• COLLECTED DATA
····················
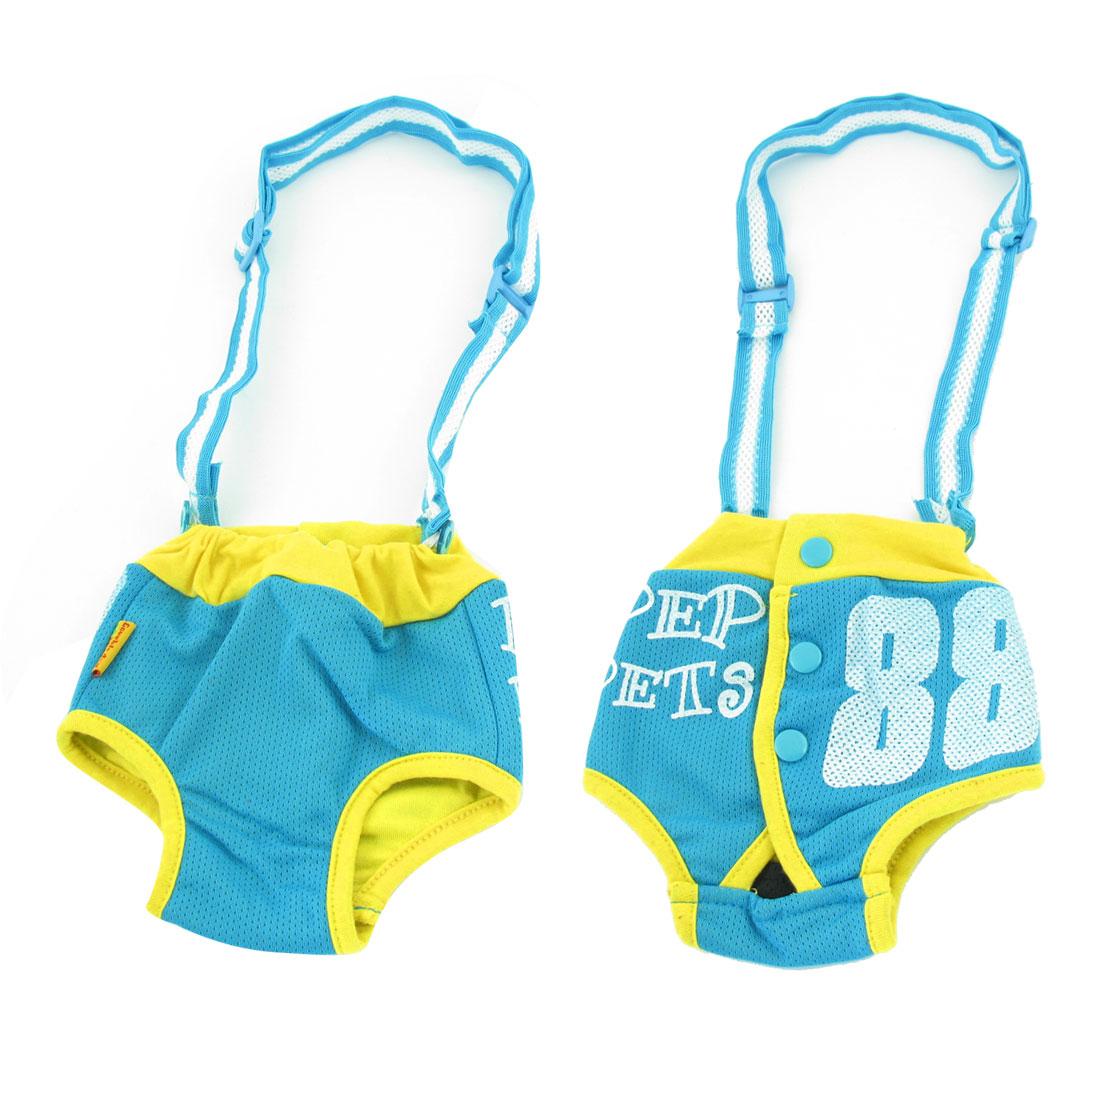 Teal Pet Dog Meshy Suspender Elastic Waist Underwear Diaper Pants XS
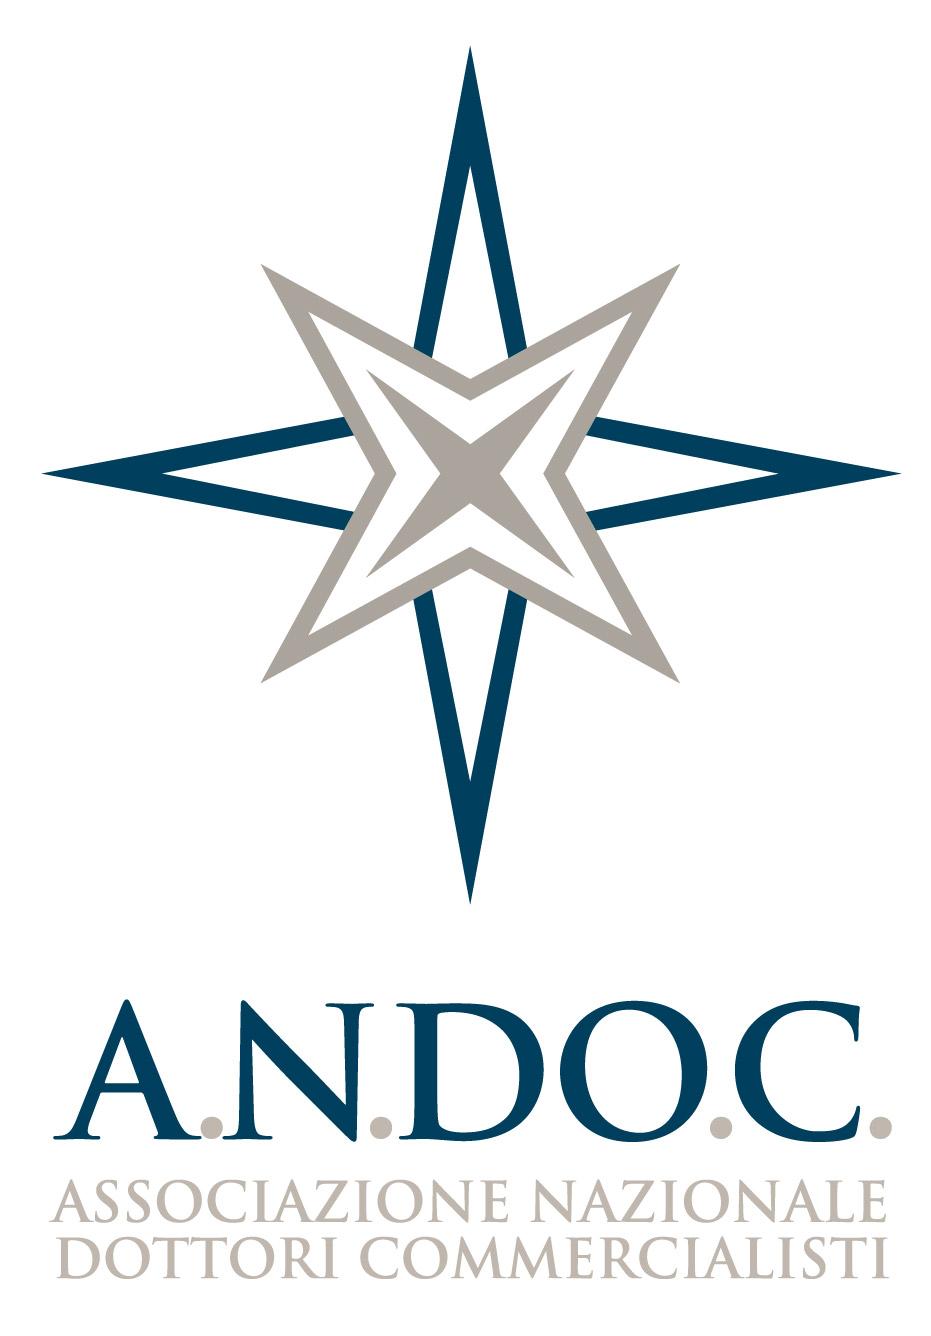 Consiglio Direttivo A.N.Do.C
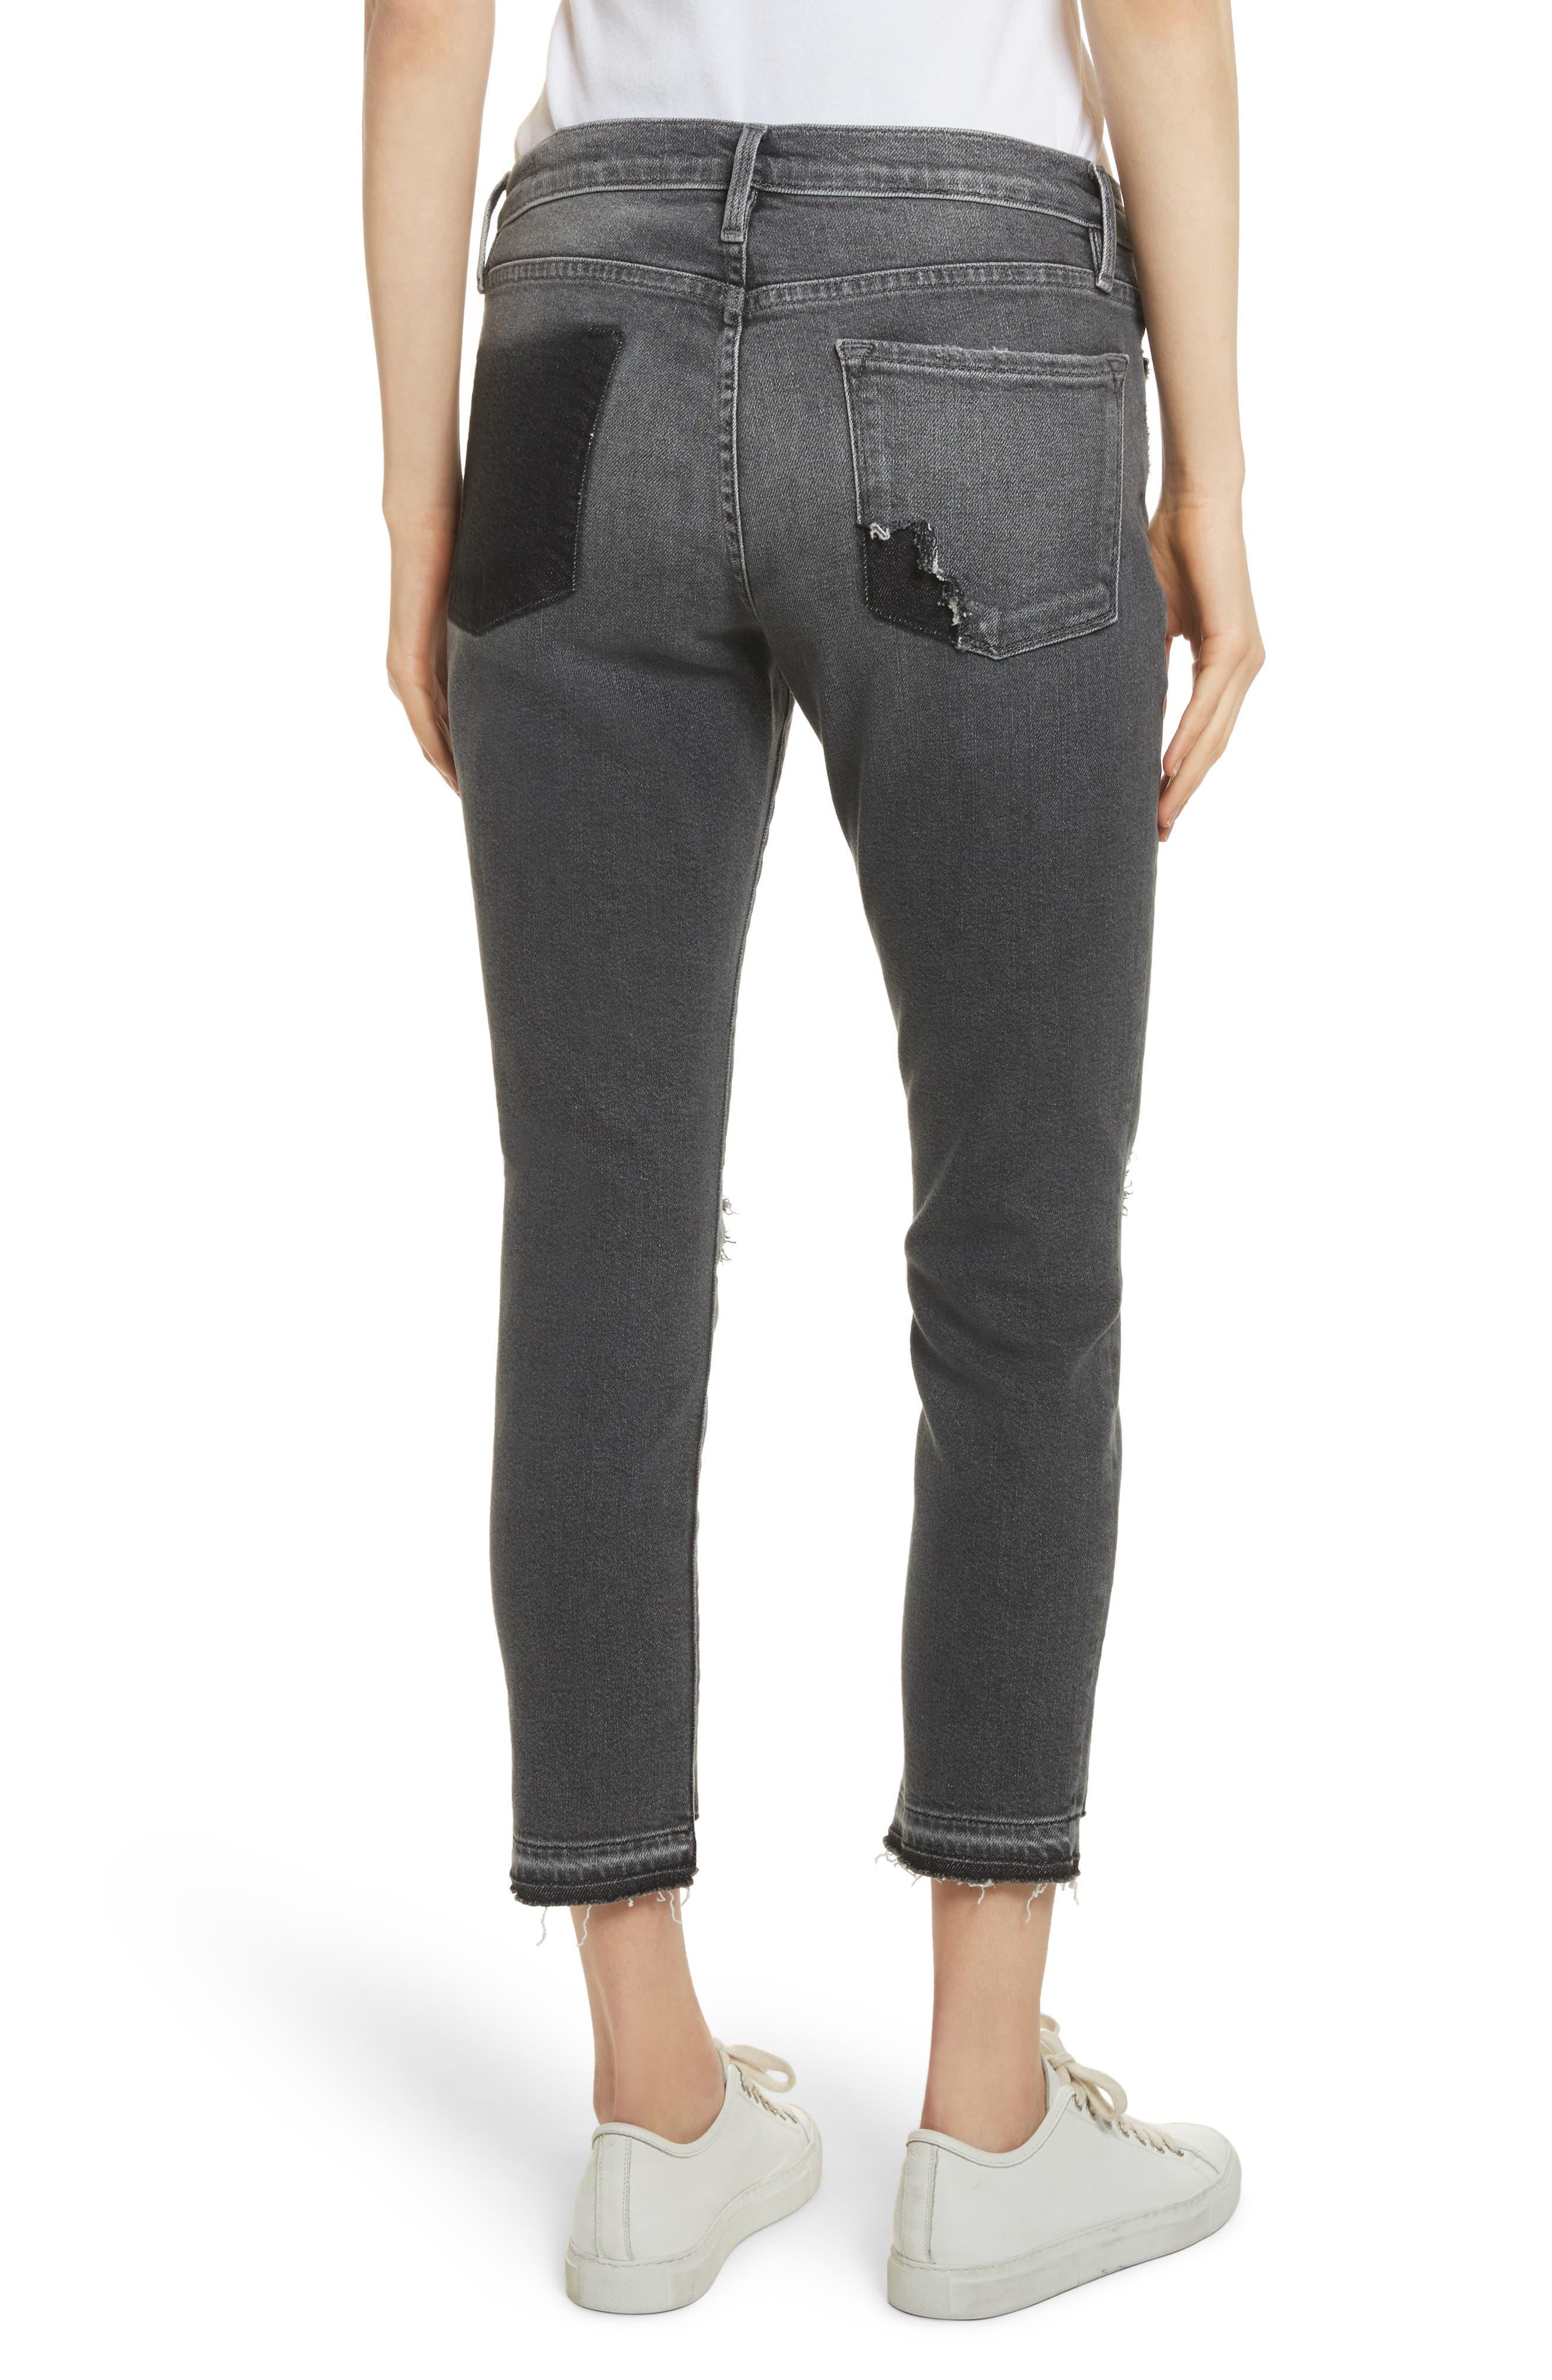 Le Garçon Ripped Released Hem Slim Jeans,                             Alternate thumbnail 2, color,                             050
····················
To complete the exercise, return the listing above exactly and omit its pictures.

• RESPONSE
 Teal Pet Dog Meshy Suspender Elastic Waist Underwear Diaper Pants XS
 Consiglio Direttivo A.N.Do.C
 Le Garçon Ripped Released Hem Slim Jeans,                             Alternate thumbnail 2, color,                             050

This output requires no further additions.